Remember kids! Dinosaurs and man walked at the same time together! Up until the 1800s, they dinosaurs were called dragons instead! Because it makes dragons anymore real!
Remember: any information that contradicts any of the above is the work of Satan. Because, while God is all power-full and all-knowing, he still tolerates some arrogant little angel out there mucking around his creation leading people astray so he can throw them in Hell for the rest of eternity where they'll be tortured in such a vicious way. He doesn't want to. He just enjoys it. Because that's totally in the Bible, too. Who the hell is Milton? And I've never heard of this "Dante" guy, either. So there.
Oh, and did I mention the fuzzy dinosaurs and the potential for fuzzy dinochicks? D'awww... so cute.
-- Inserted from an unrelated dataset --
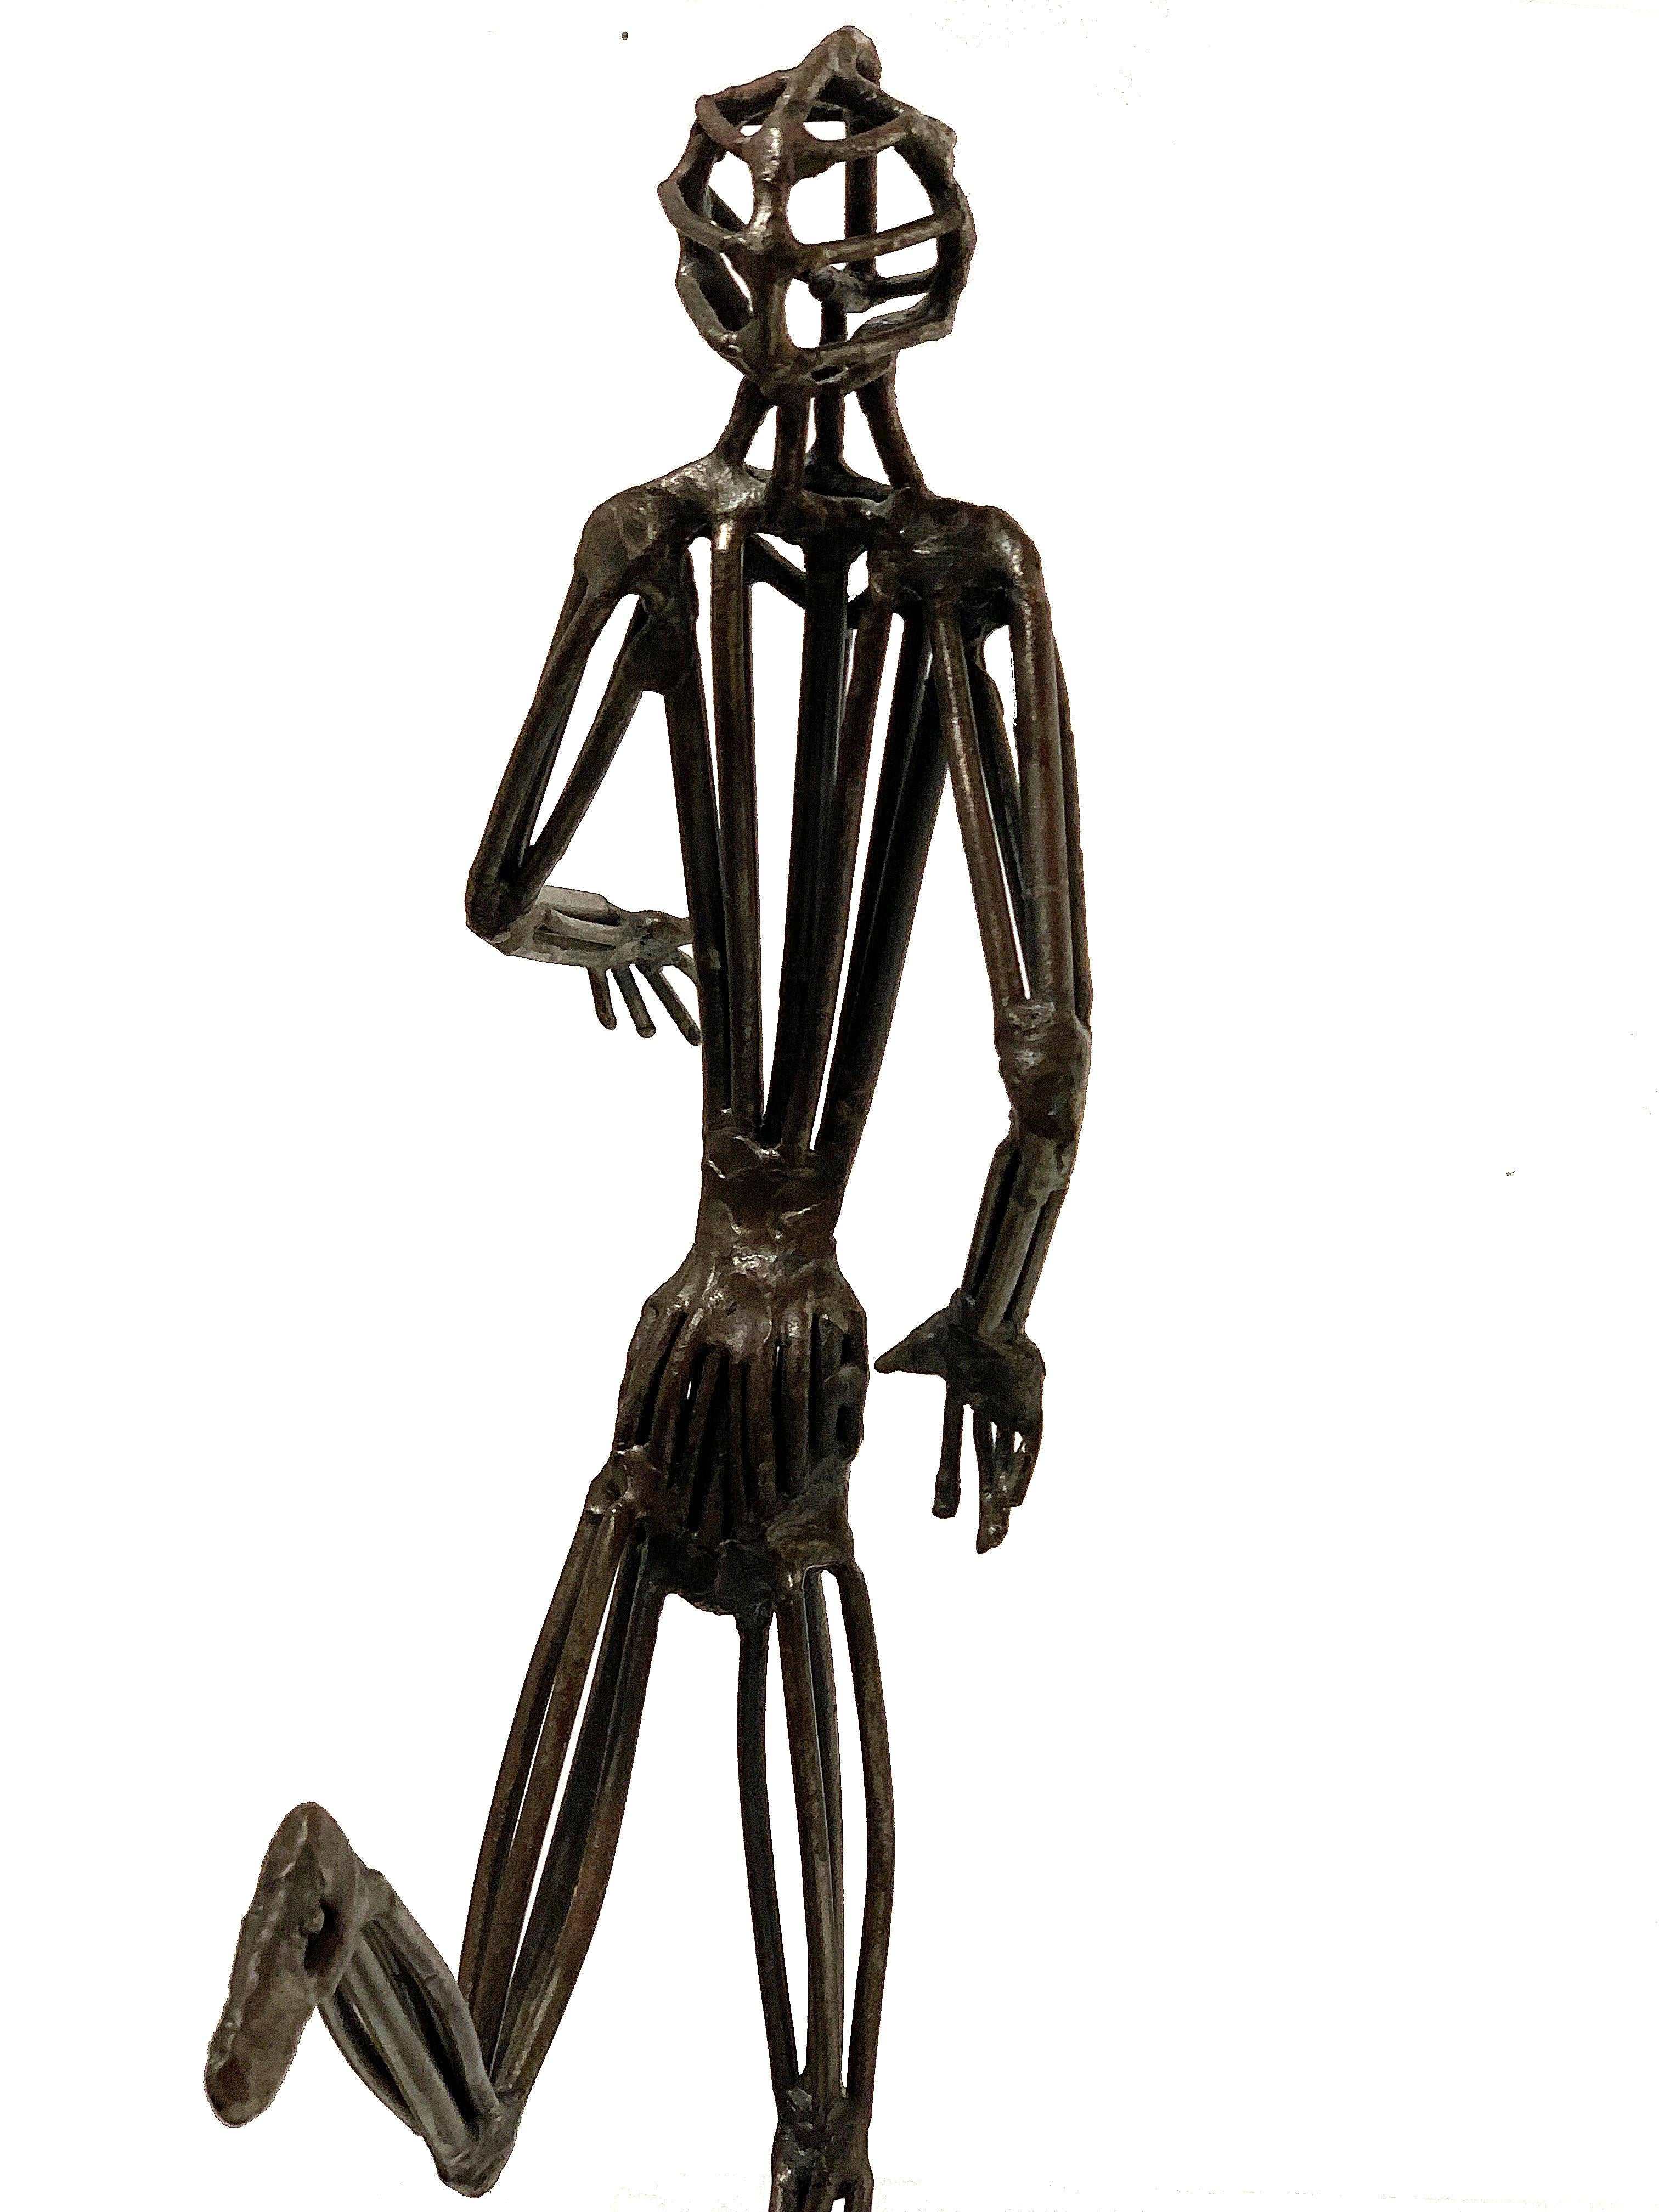 Metal runner sculpture by Pittsburgh artist William J. Wessel. The figure is well balanced and has a pleasant stride, as though enjoying a long run.

How do the Creationists get away with it?
ReplyDelete"It just further backs up my notion that the development of an embryo from a single-celled organism up through to a complete organism is a replay of evolution."
ReplyDeleteThis is an old idea, going back to at least the 19th century, and is known by the catchphrase "ontogeny recapuitulates phylogeny."
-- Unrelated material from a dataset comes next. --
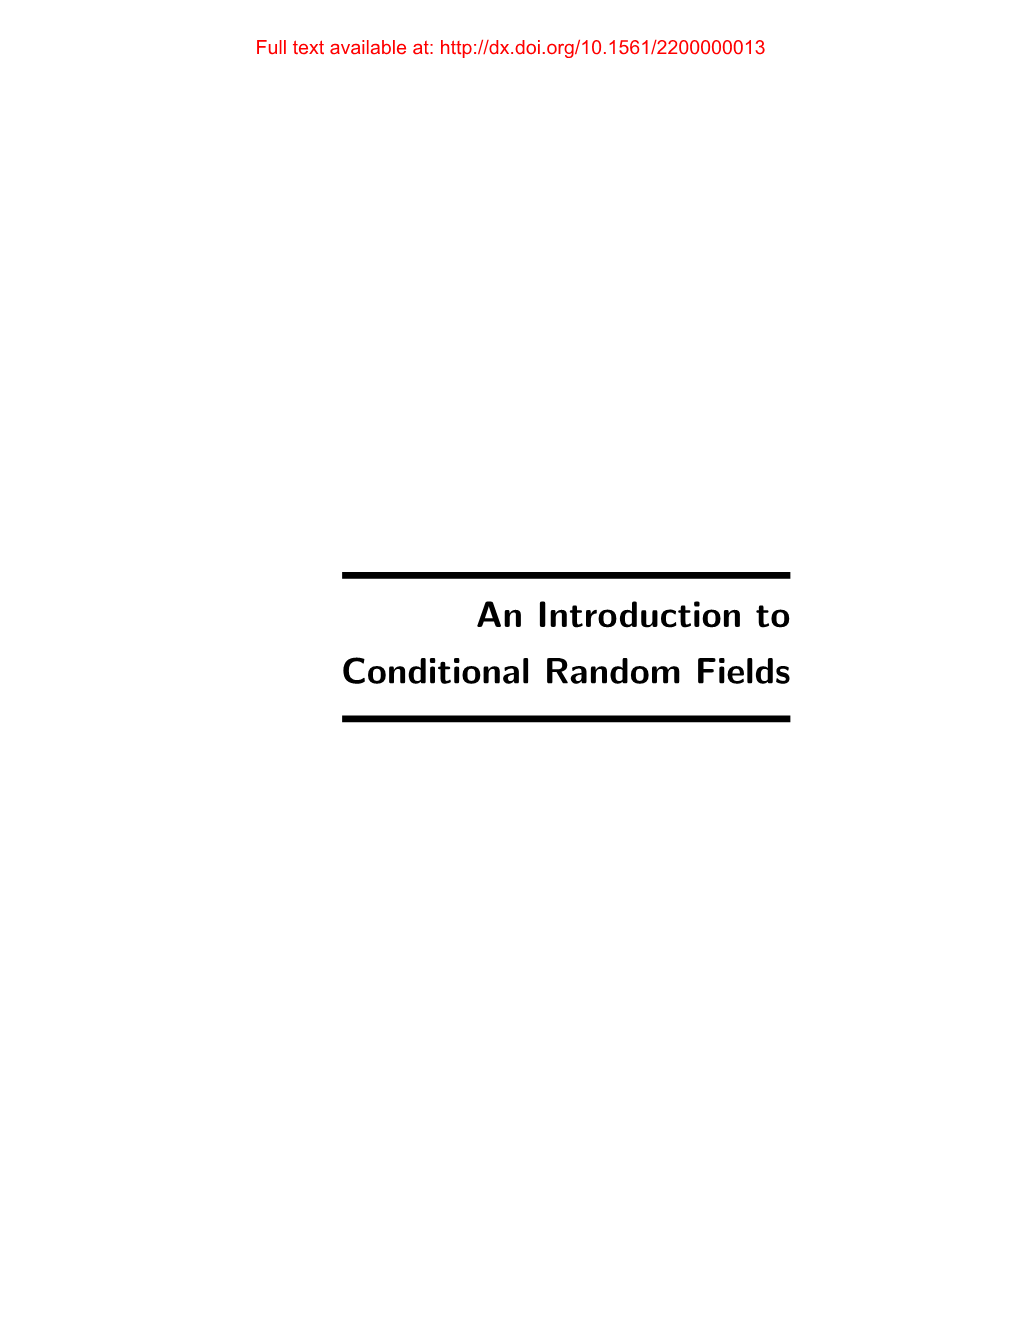 An Introduction to Conditional Random Fields Full Text Available At

It turns out to not be true--it gets cause and effect exactly backwards. What turns out to actually be going on is much more interesting, and the booming field of evo-devo biology is all about it. What they've found is that evolution frequently operates by altering development--it does not create new structures so much as alter the ways in which existing structures develop. So, for example, rather than a series of mutations that erased the forelegs of our quadrapedal ancestors and replaced them with a whole new set of genetic instructions for building arms, there was a much smaller set of mutations that altered the way fundamentally the same bones grow, so that they end up as arms rather than forelegs. Put another way, evolution rarely writes when it can edit.
The result is that there is a stage in development at which all vertebrates look similar, because most of the differences between their developmental processes have not started yet. This does not mean that we have an ancestor that looked like a pharyngula, just that we have common structures with our relatives before development adds in variation.
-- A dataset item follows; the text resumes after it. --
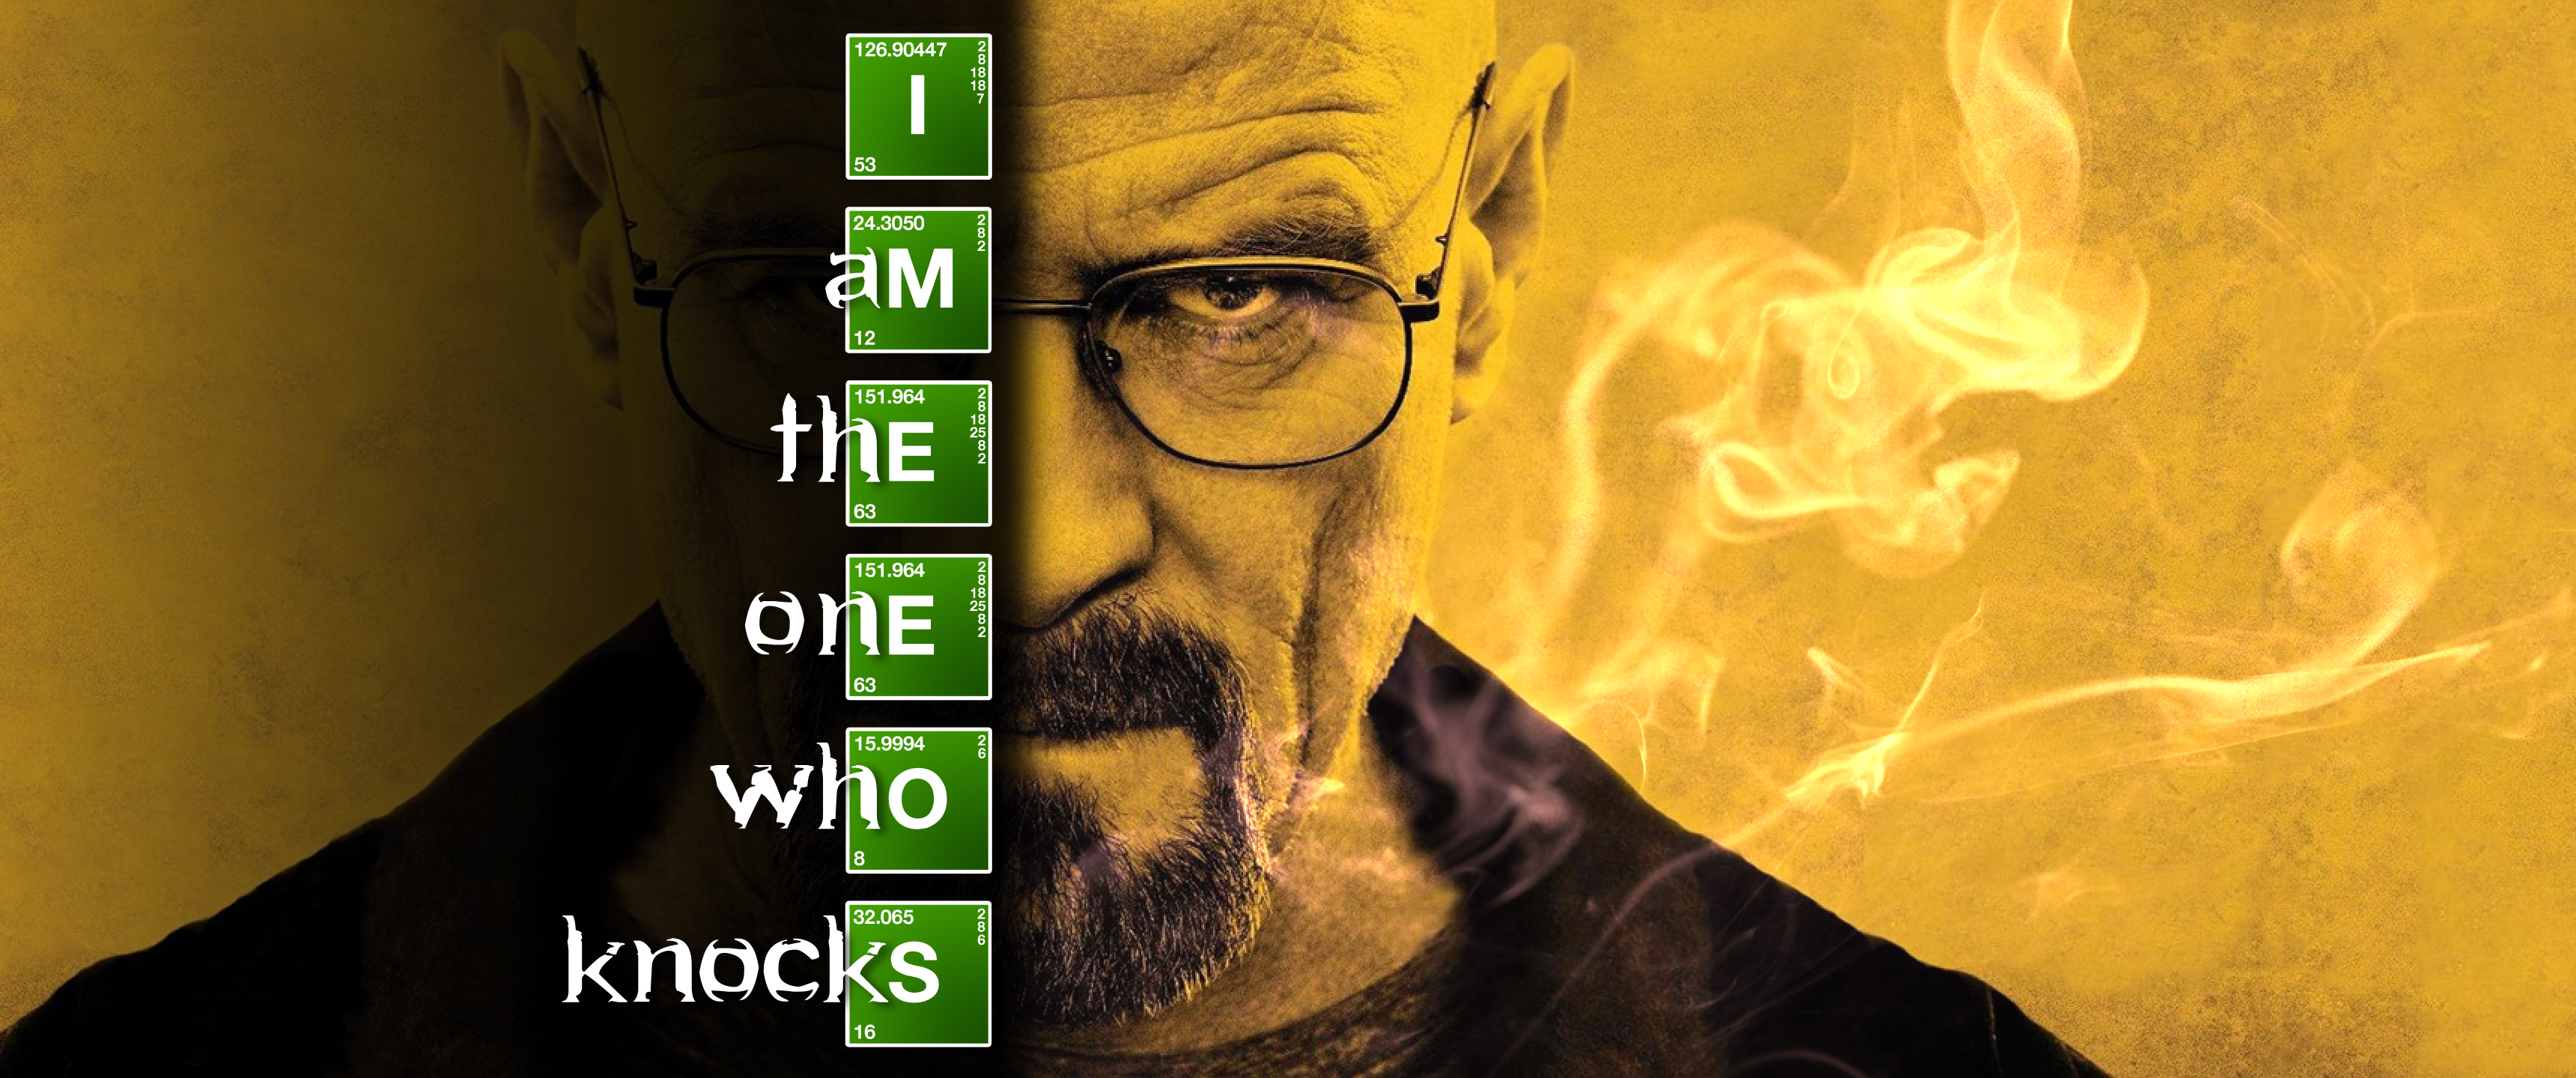 44+ Breaking Bad Wallpapers: HD, 4K, 5K for PC and Mobile | Download free  images for iPhone, Android

"Somewhere inside of your chicken or turkey is the DNA to resurrect Velociraptor"
No, it's really not. Evolution is not "building blocks on top of building blocks," and genes are not Legos. Even assuming turkeys are directly descended from a Velociraptor (which there is no reason to assume they are), many of the genes of that Velociraptor have been altered by mutations in the interceding generations. True, many of the ancestral dinosaur's genes probably are still there, but there is no way of knowing which until we check.
Spot on with the critique of the idiot creationists, though.